Problem description
Will you write out, word for word, every line from the one with "This Green Tourmaline" to the final line of the data below, with the pictures left out?

Raw data
============================================================

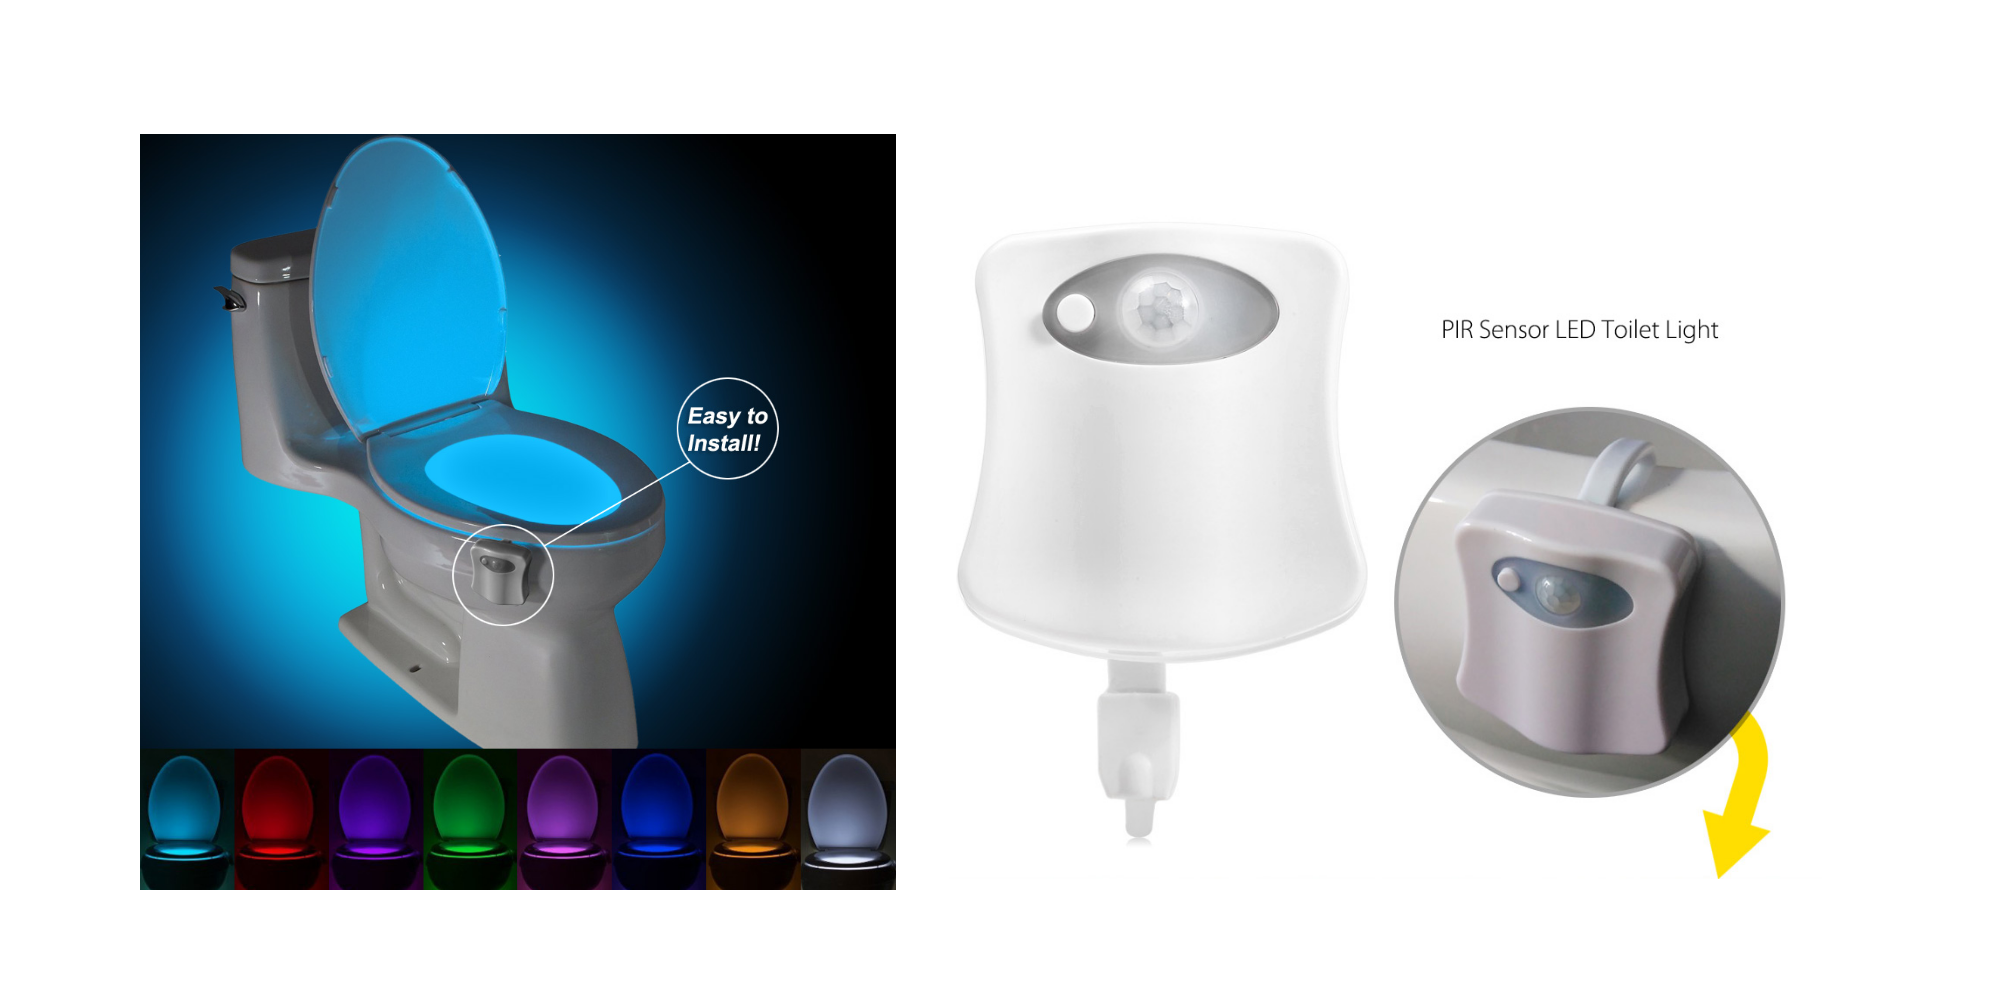 8-color LED Toilet Light / Bathroom Night Light Only $2.99!! First 60 ONLY!!
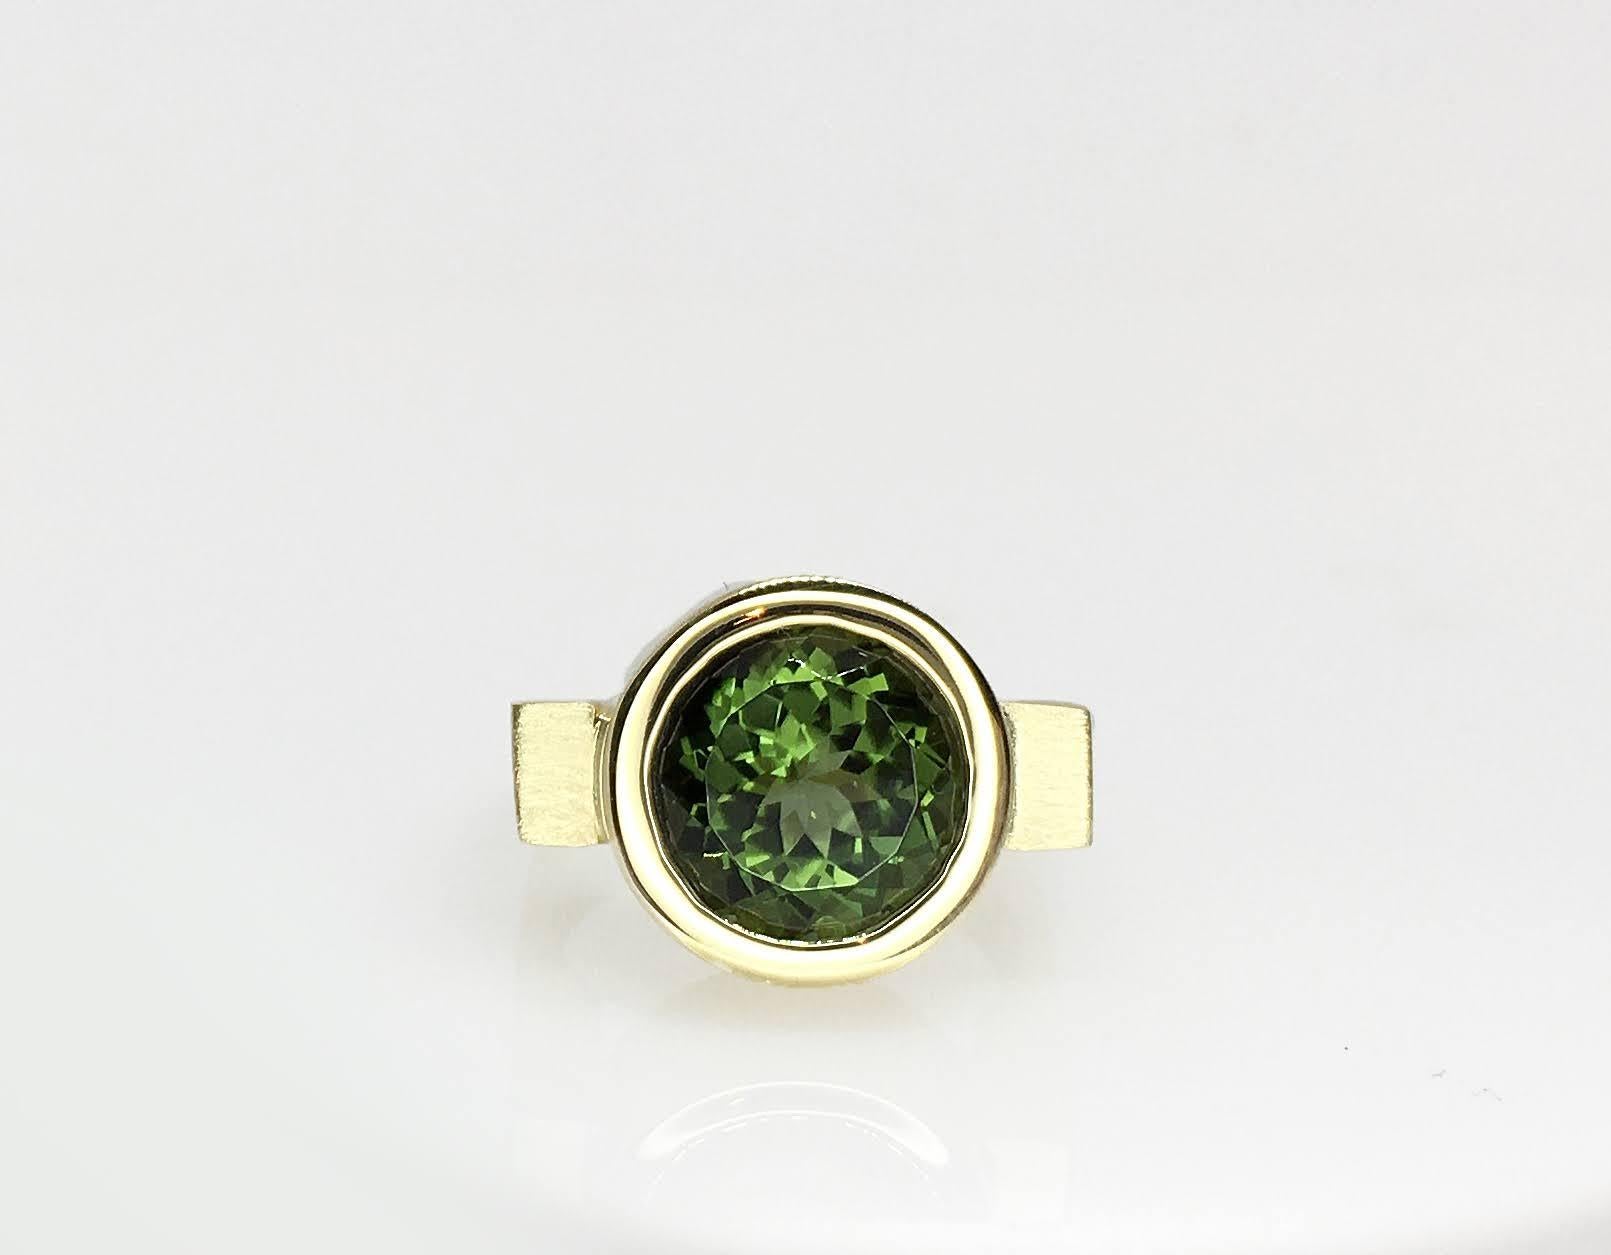 This Green Tourmaline Bezel Ring is shown here in yellow gold. A round bezel set on a squared band with a high polish finish creates an infinitely modern look. Be careful, this ring will bring you much attention, if that’s what you’re aiming for,
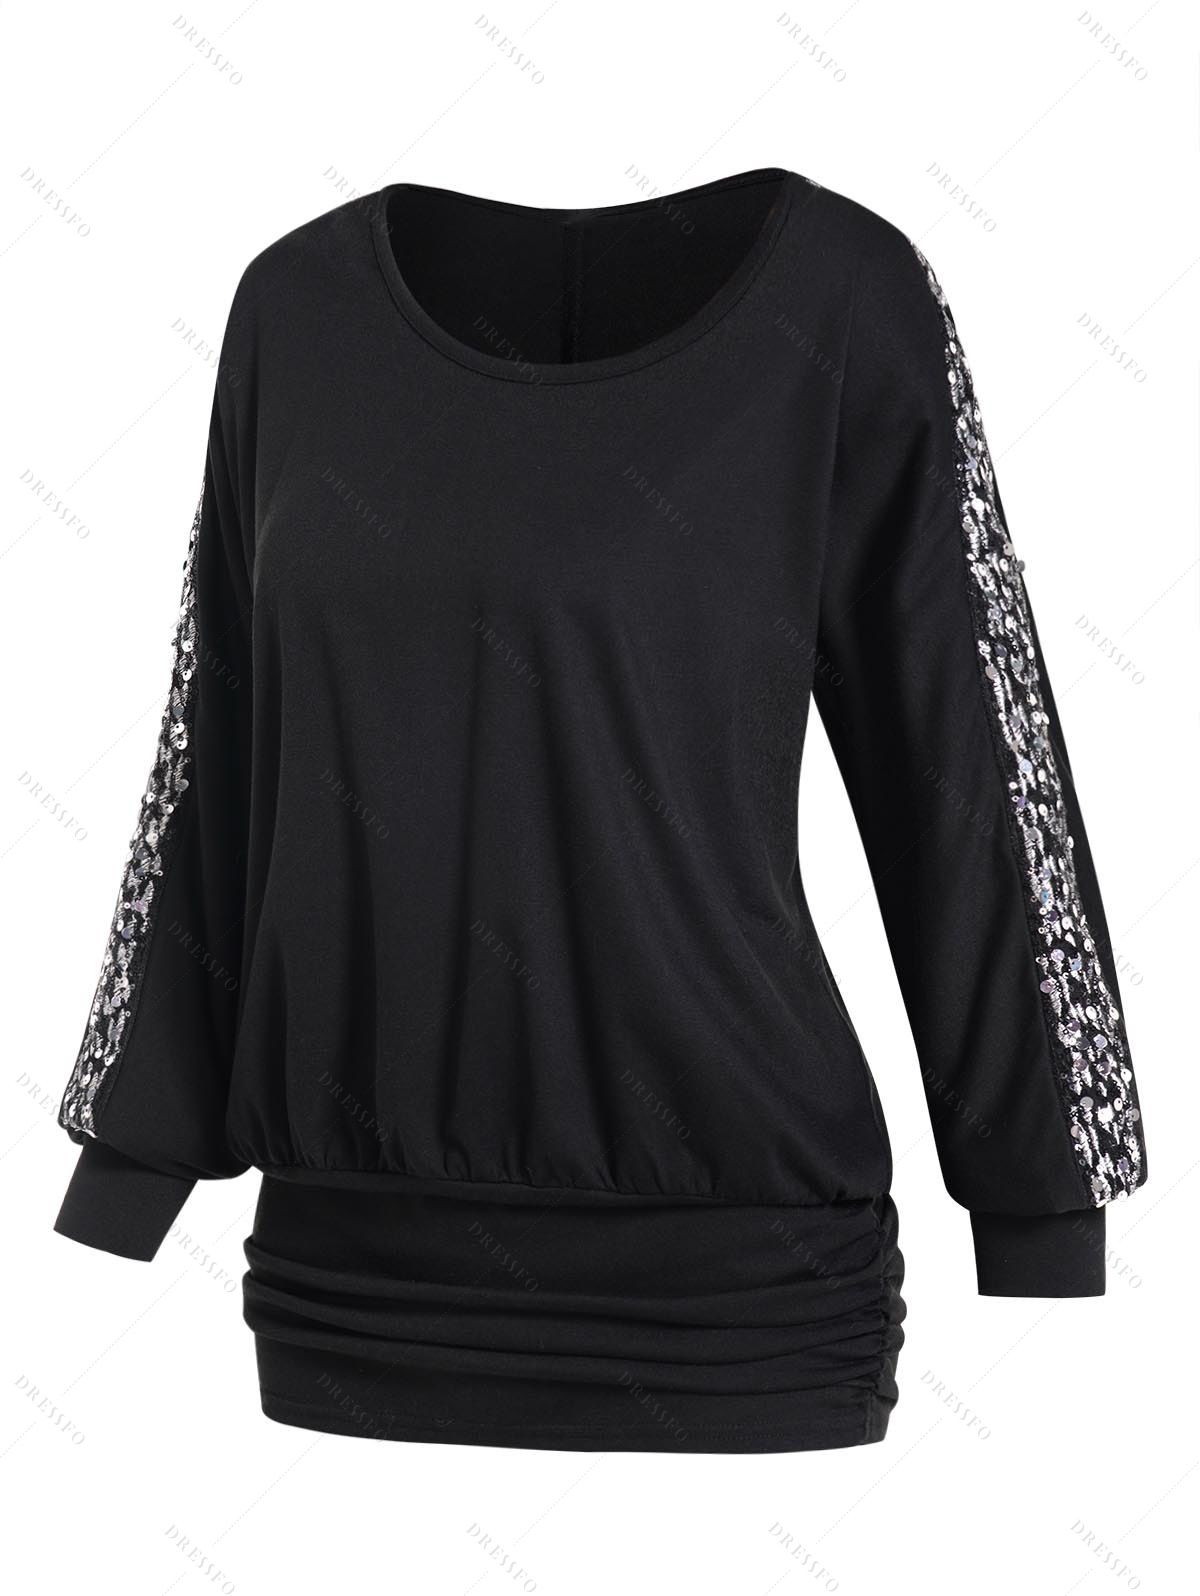 Sequined Panel Top Solid Color Ruched Round Neck Full Sleeve Long Top - BLACK XXL

============================================================

Exercise output
 This Green Tourmaline Bezel Ring is shown here in yellow gold. A round bezel set on a squared band with a high polish finish creates an infinitely modern look. Be careful, this ring will bring you much attention, if that’s what you’re aiming for,
 Sequined Panel Top Solid Color Ruched Round Neck Full Sleeve Long Top - BLACK XXL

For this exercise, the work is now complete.